Public documentation for governed AI labor
SDKs/Governance/Connectors
Arx / Docs / OSS Tool Images

Documentation

OSS Tool Images

Project-Agent-trust-merge / arxsec-api/docker/oss-tools/README.md

Project-Agent-trust-merge repo-root arxsec-api/docker/oss-tools/README.md

Docker images that wrap community / open-source security tools so ARX can invoke them through the community-oss sandbox profile.

Each tool gets its own subdirectory with a pinned Dockerfile. The connector Python module references the published image tag via a DEFAULT_<TOOL>_IMAGE constant; production deployments should pin by SHA digest at deploy time.

Adding a new tool

  1. Create <tool>/Dockerfile here.
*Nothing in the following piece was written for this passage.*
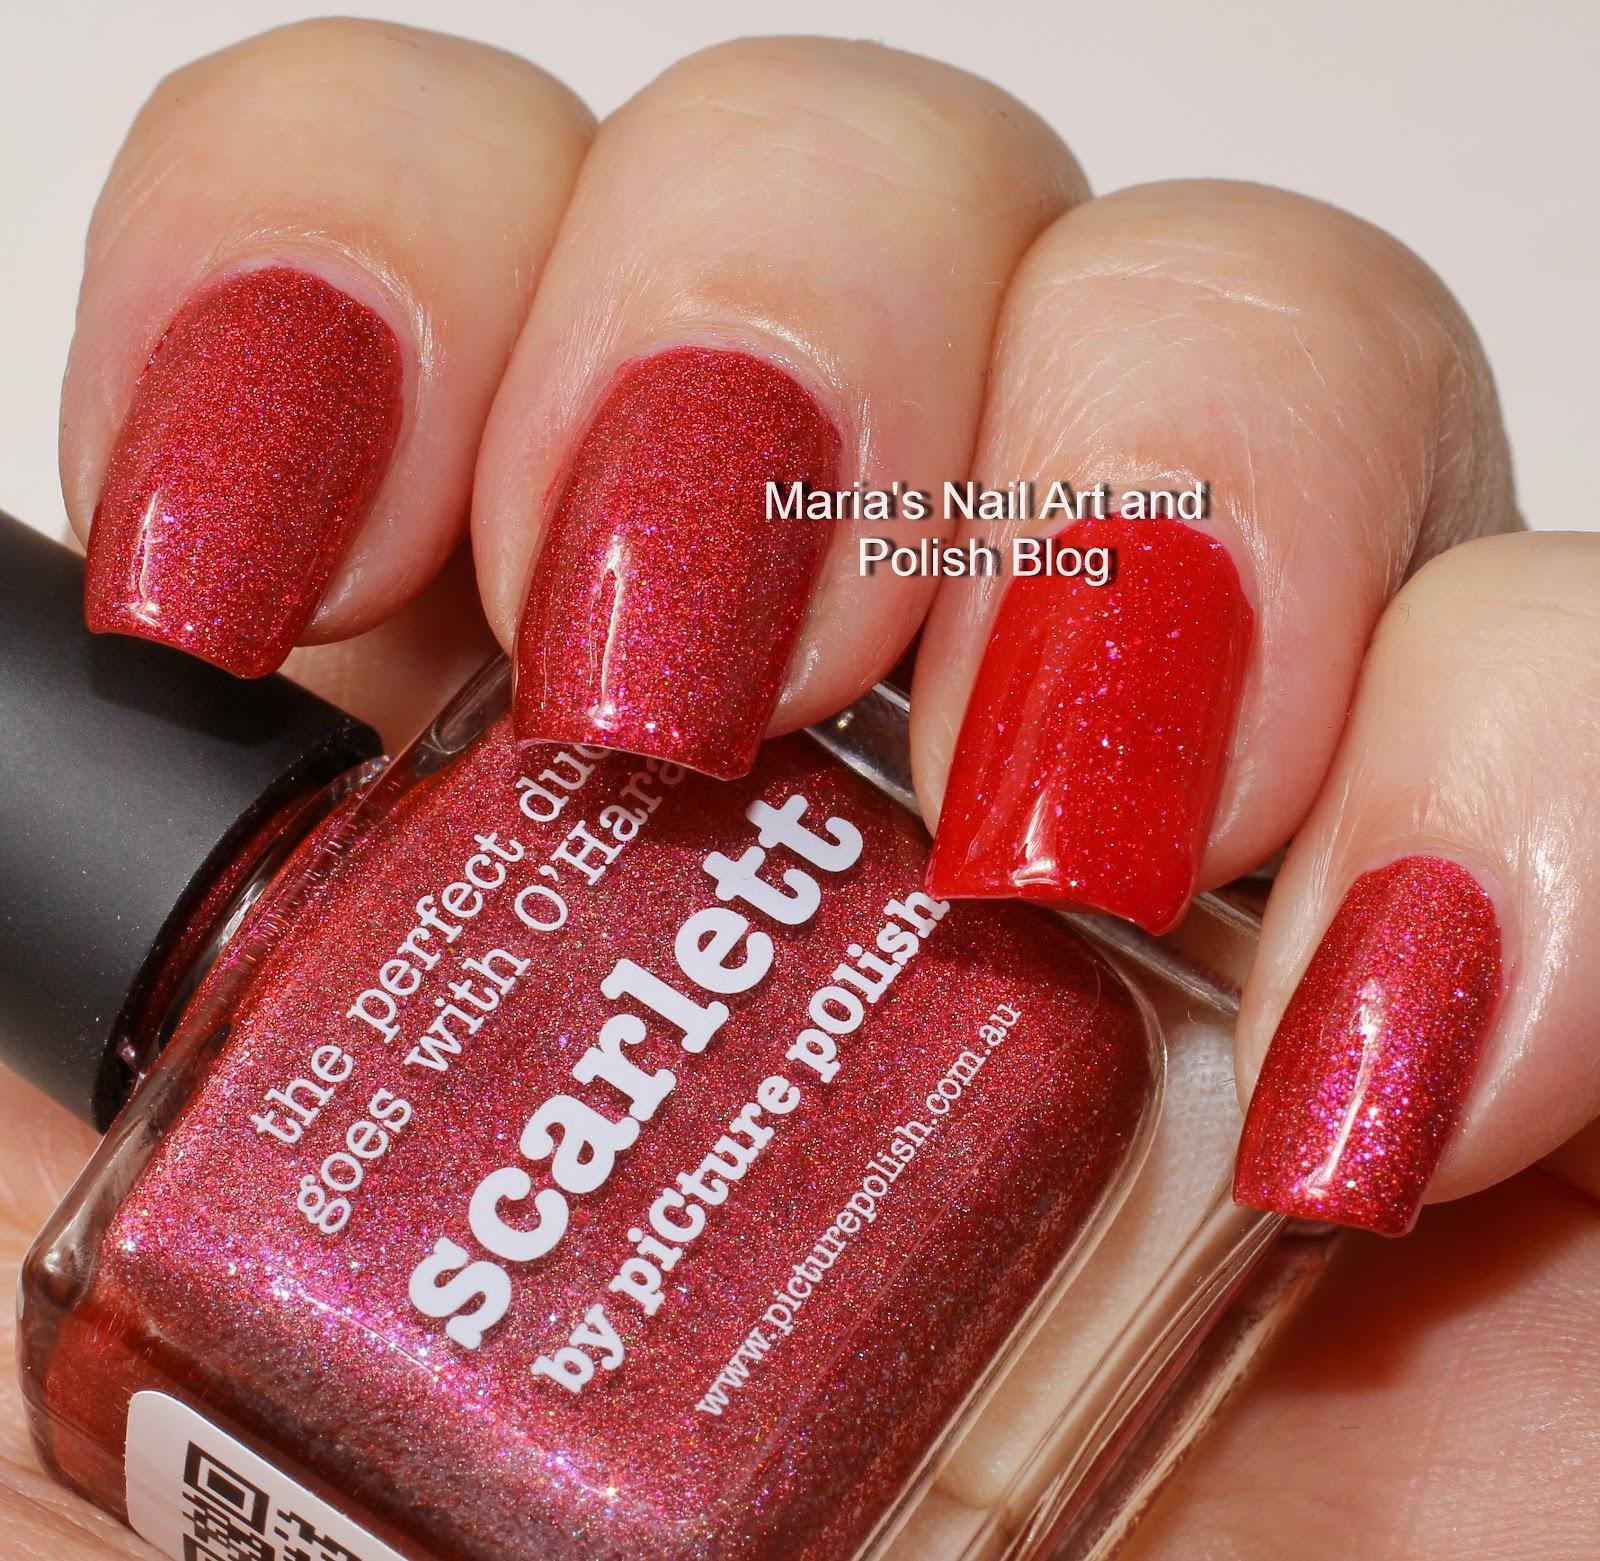 Marias Nail Art And Polish Blog: Picture Polish Scarlett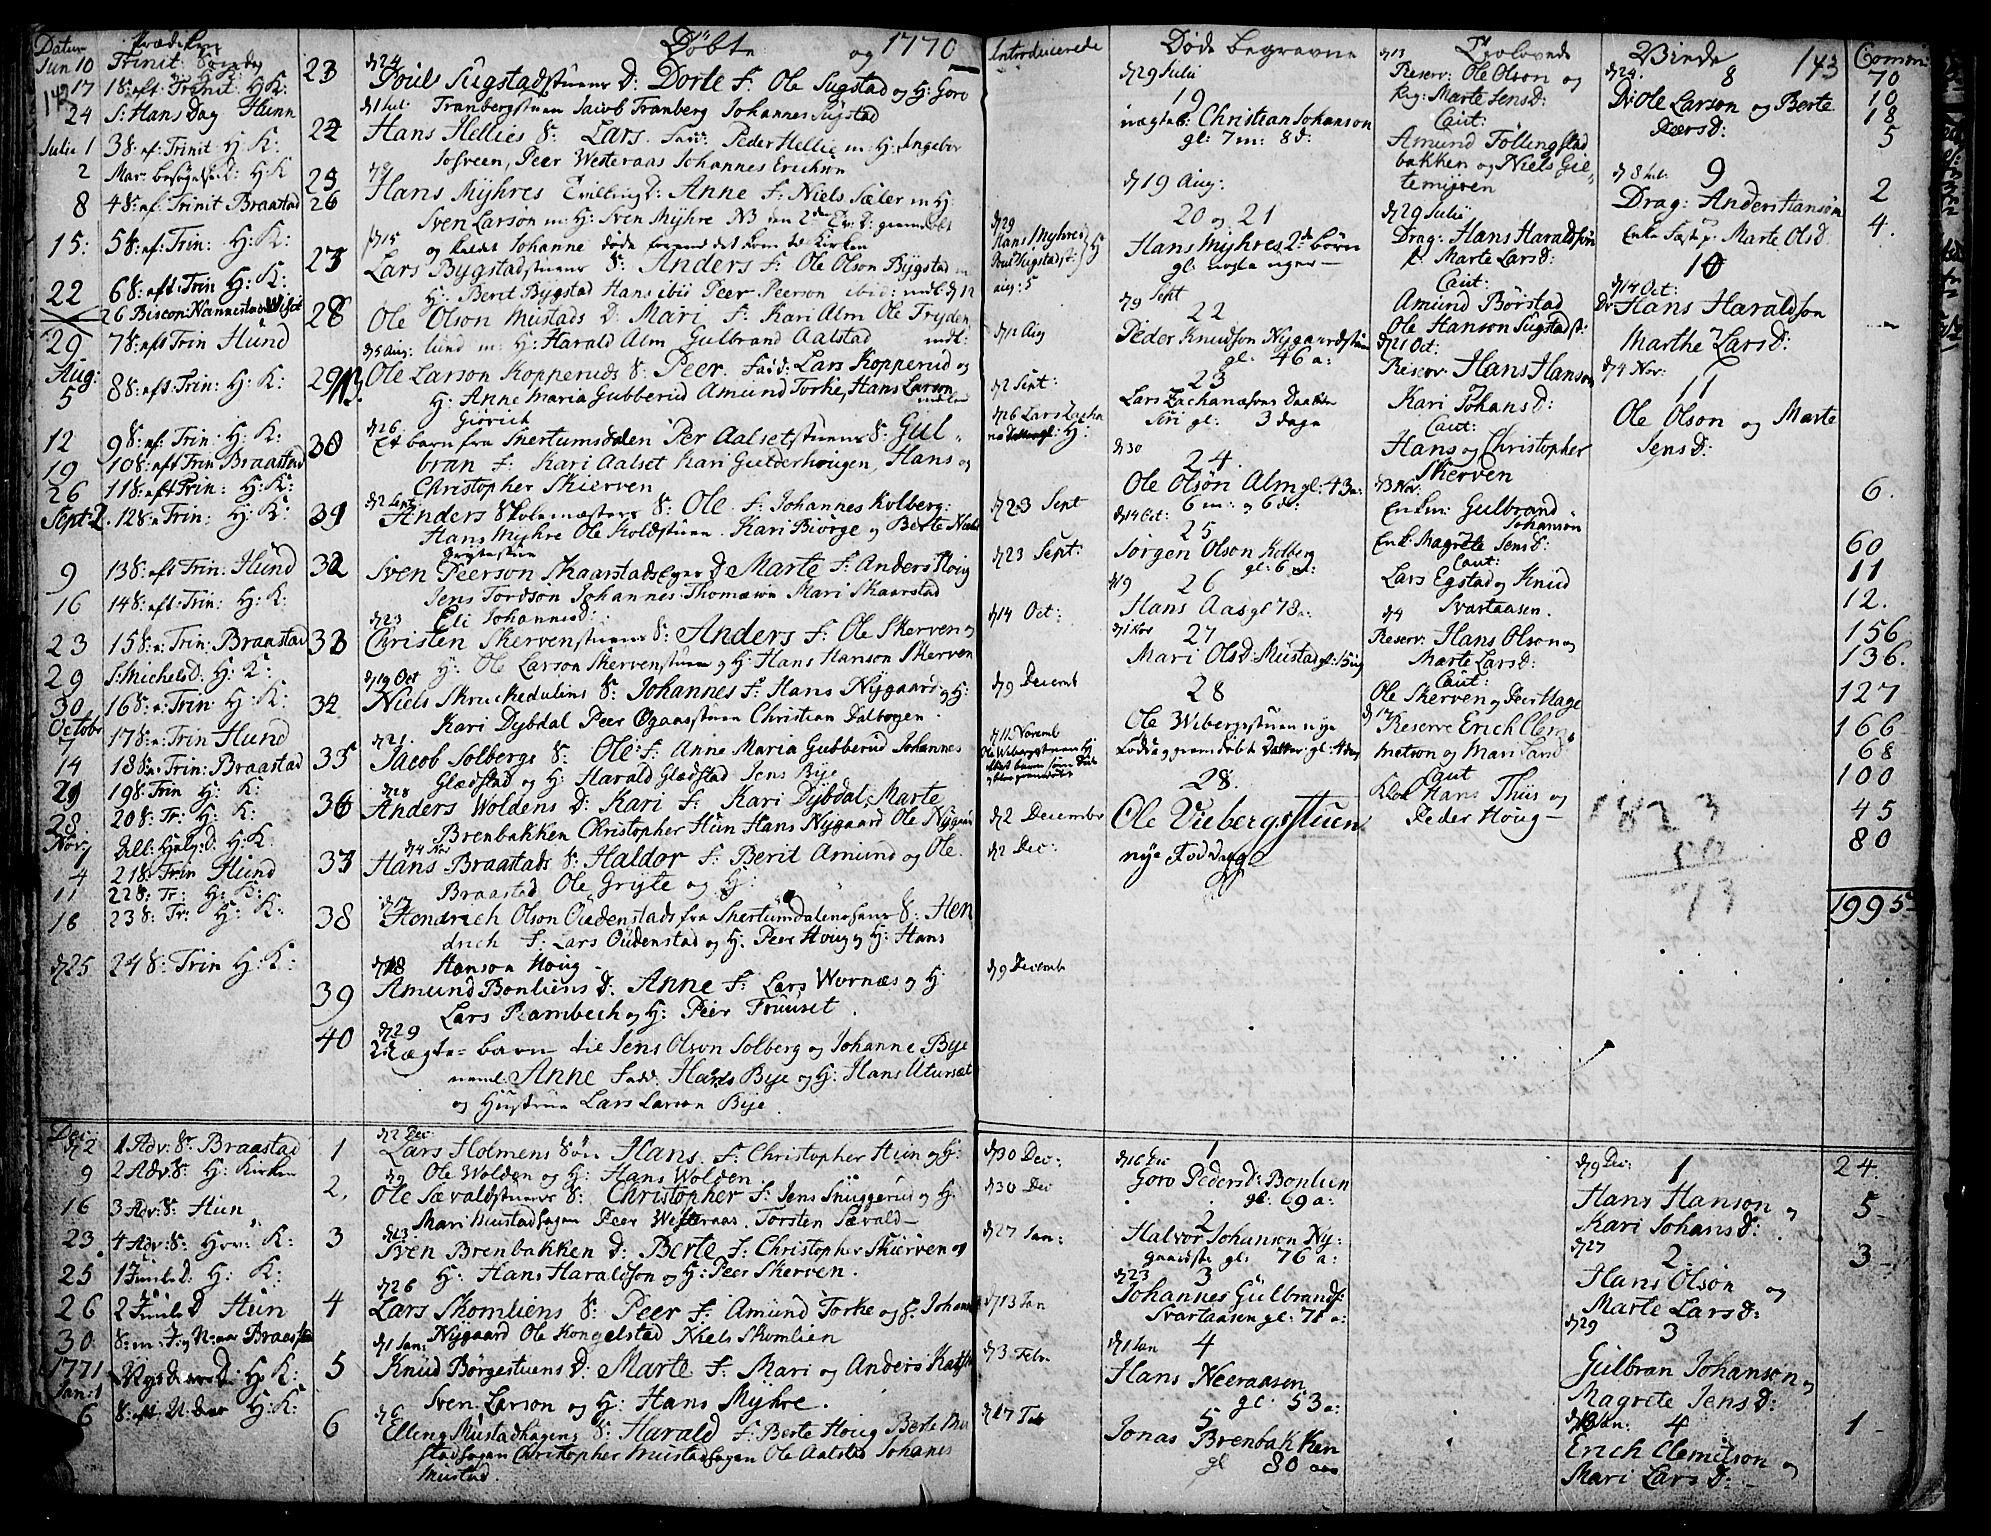 SAH, Vardal prestekontor, H/Ha/Haa/L0002: Ministerialbok nr. 2, 1748-1776, s. 142-143

Use a non-root user (arx, uid 10001),

make /work writable, install the tool at a pinned version, and set the tool binary as ENTRYPOINT.

  1. Add a connector module under arxsec-api/app/connectors/<tool>.py

following the garak / promptfoo pattern.

  1. Add the connector to CONNECTOR_REGISTRY and CONNECTOR_METADATA in

arxsec-api/app/connectors/__init__.py.

  1. Add a credential schema entry in

arxsec-api/app/connectors/schemas.py (use LLM_PROVIDER_CREDS for AI-targeting tools).

  1. Add unit tests under arxsec-api/tests/test_oss_<tool>.py.

Images are intended to be built and published to ghcr.io/arxsec/oss-tools/<tool> on each merge to main via a future GitHub Actions workflow.